About
Working inside college athletics. Writing about the numbers that explain what's actually happening to the sport.
I work in college athletics and have a front-row seat to an industry that's rewriting its own rules in real time. The House v. NCAA settlement, the open transfer portal, NIL markets, conference realignment: the structural changes landing on college sports right now are genuinely historic, and most of the coverage treats them like a news feed instead of a story.
The Game Plan is my attempt to slow down and actually analyze what's happening, using data not takes.
Three reasons, honestly. First, I do this kind of analysis anyway and wanted somewhere to put it that isn't a shared drive. Second, I think the transfer portal era and the revenue-sharing era are going to look very different in ten years than they do right now, and I want a record of what the numbers were actually showing as it unfolded.

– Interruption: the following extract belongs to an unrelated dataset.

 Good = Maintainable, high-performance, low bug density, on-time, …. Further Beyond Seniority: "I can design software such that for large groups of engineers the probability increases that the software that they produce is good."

Third, this is a portfolio: a public record of how I think about football, basketball, and the business of college sports.

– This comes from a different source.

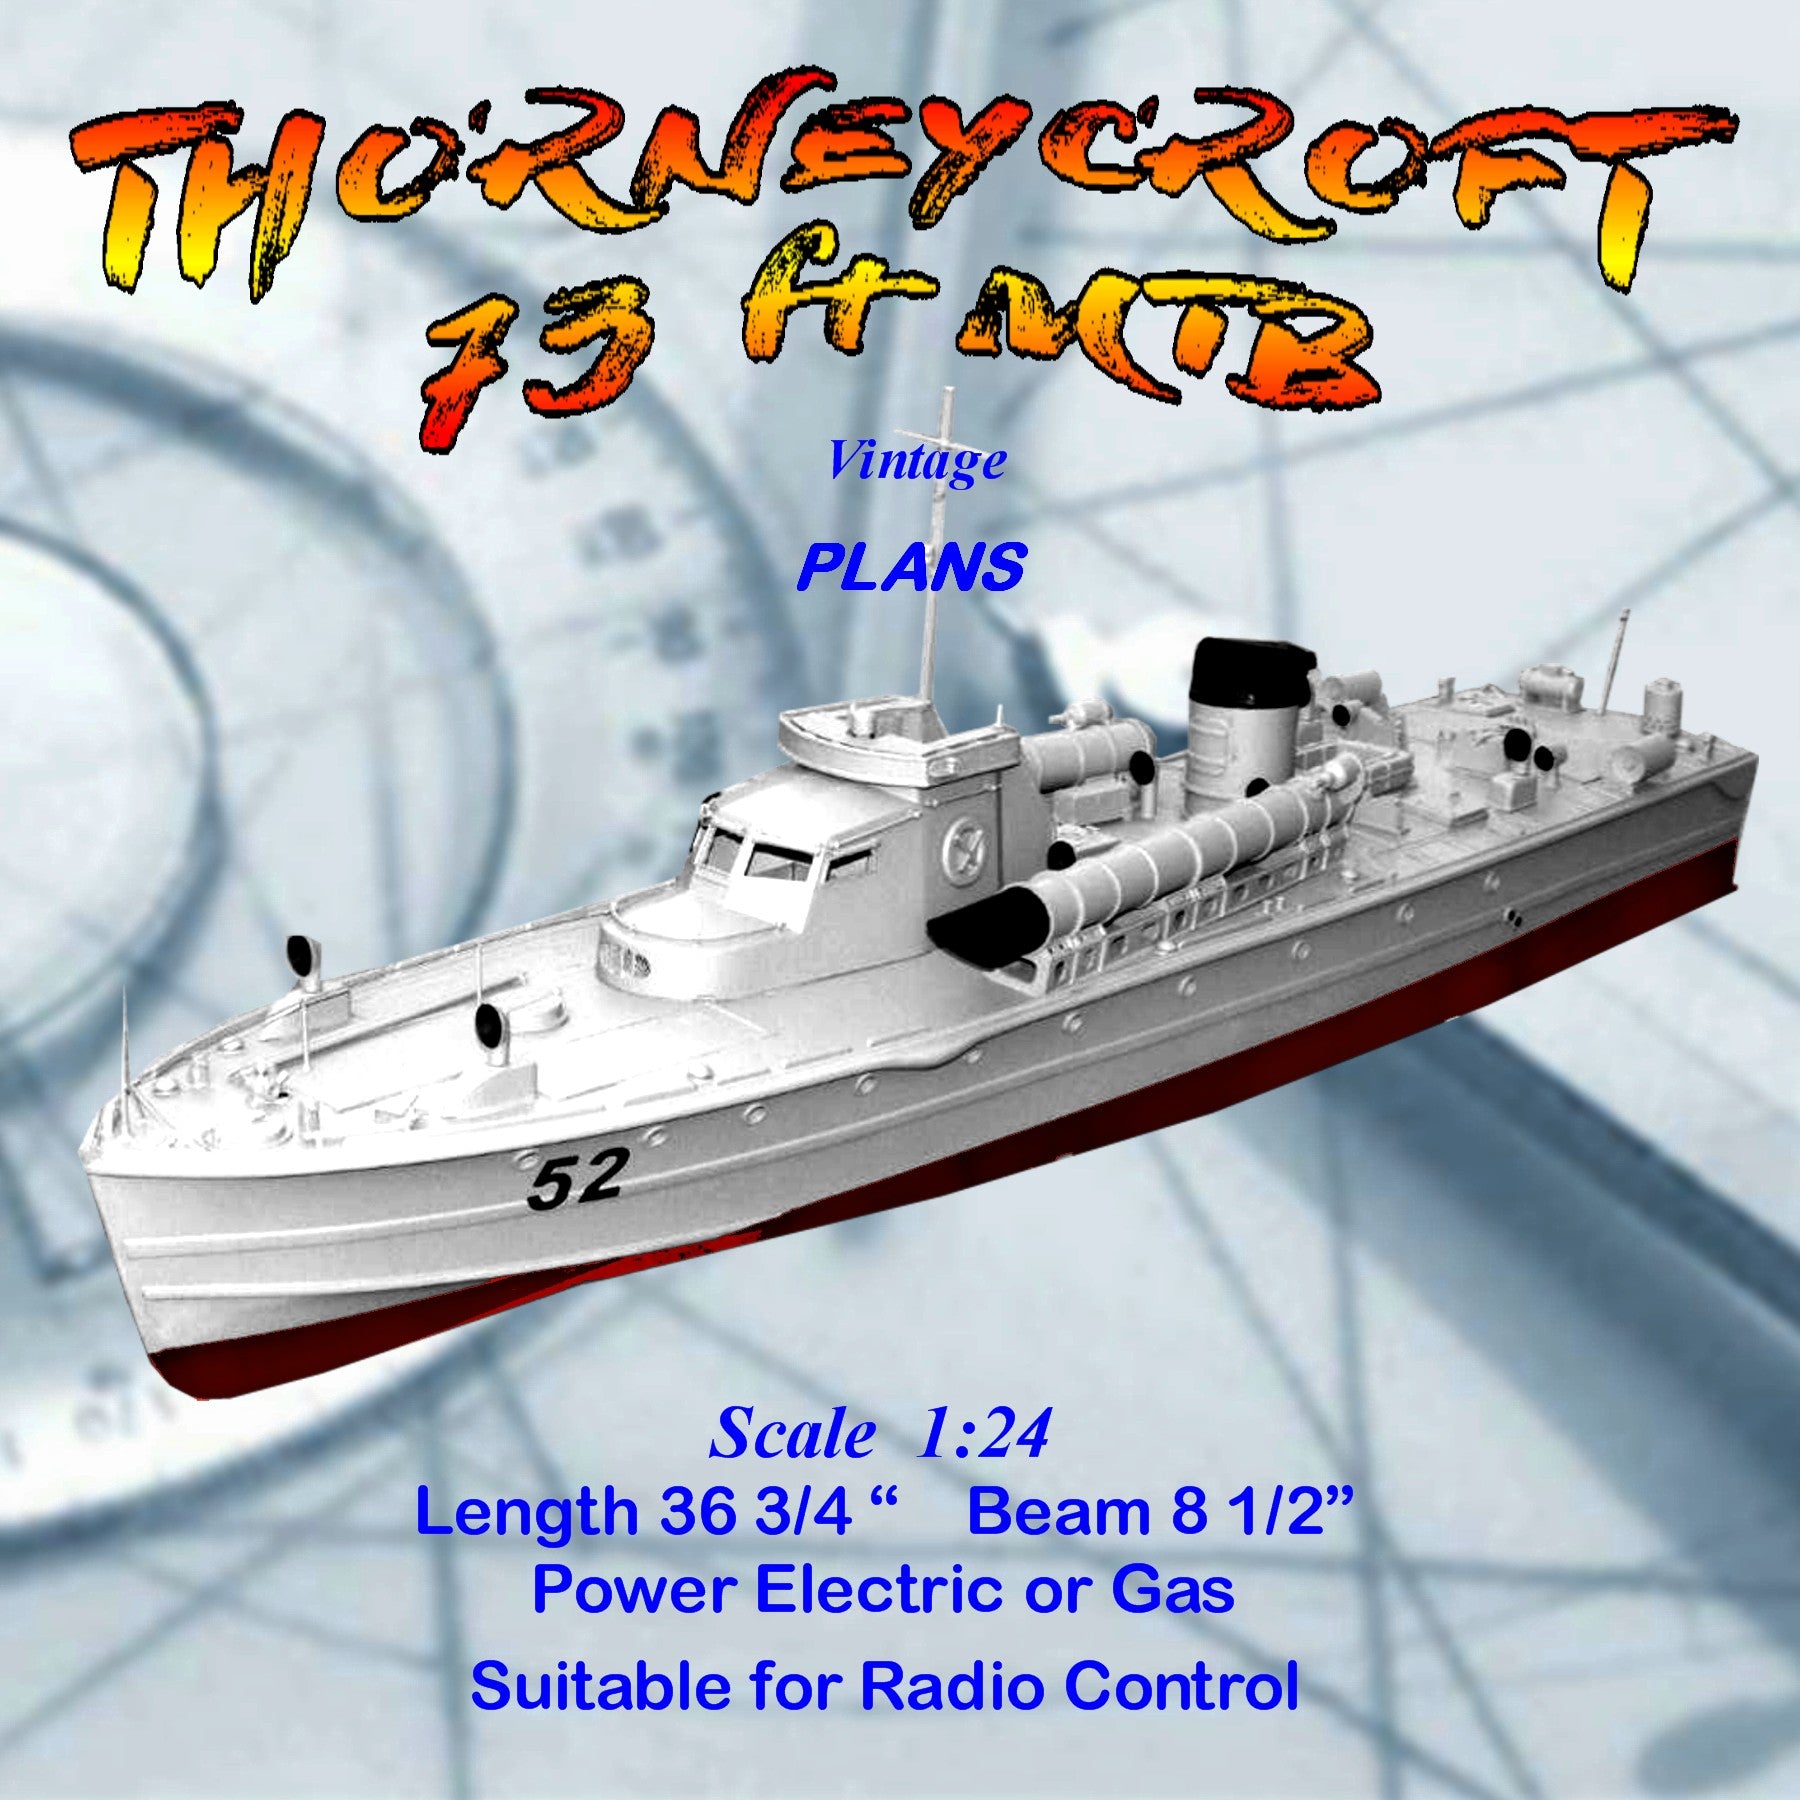 full size printed plan scale 1:24 thorneycroft 73 ft mtb power electric or gas  suitable for radio control

If you're a coach, an analyst, or someone building out a staff and you like what you see here, my contact is below.
The primary lens is football and basketball, but the more interesting thread running through everything is the economics: how programs are allocating NIL resources, how roster construction decisions get made under a revenue-sharing cap, and what the transfer portal actually rewards versus what conventional wisdom thinks it rewards.
I'm particularly interested in mid-major programs, the ones operating without a blank check, where every analytical edge actually matters.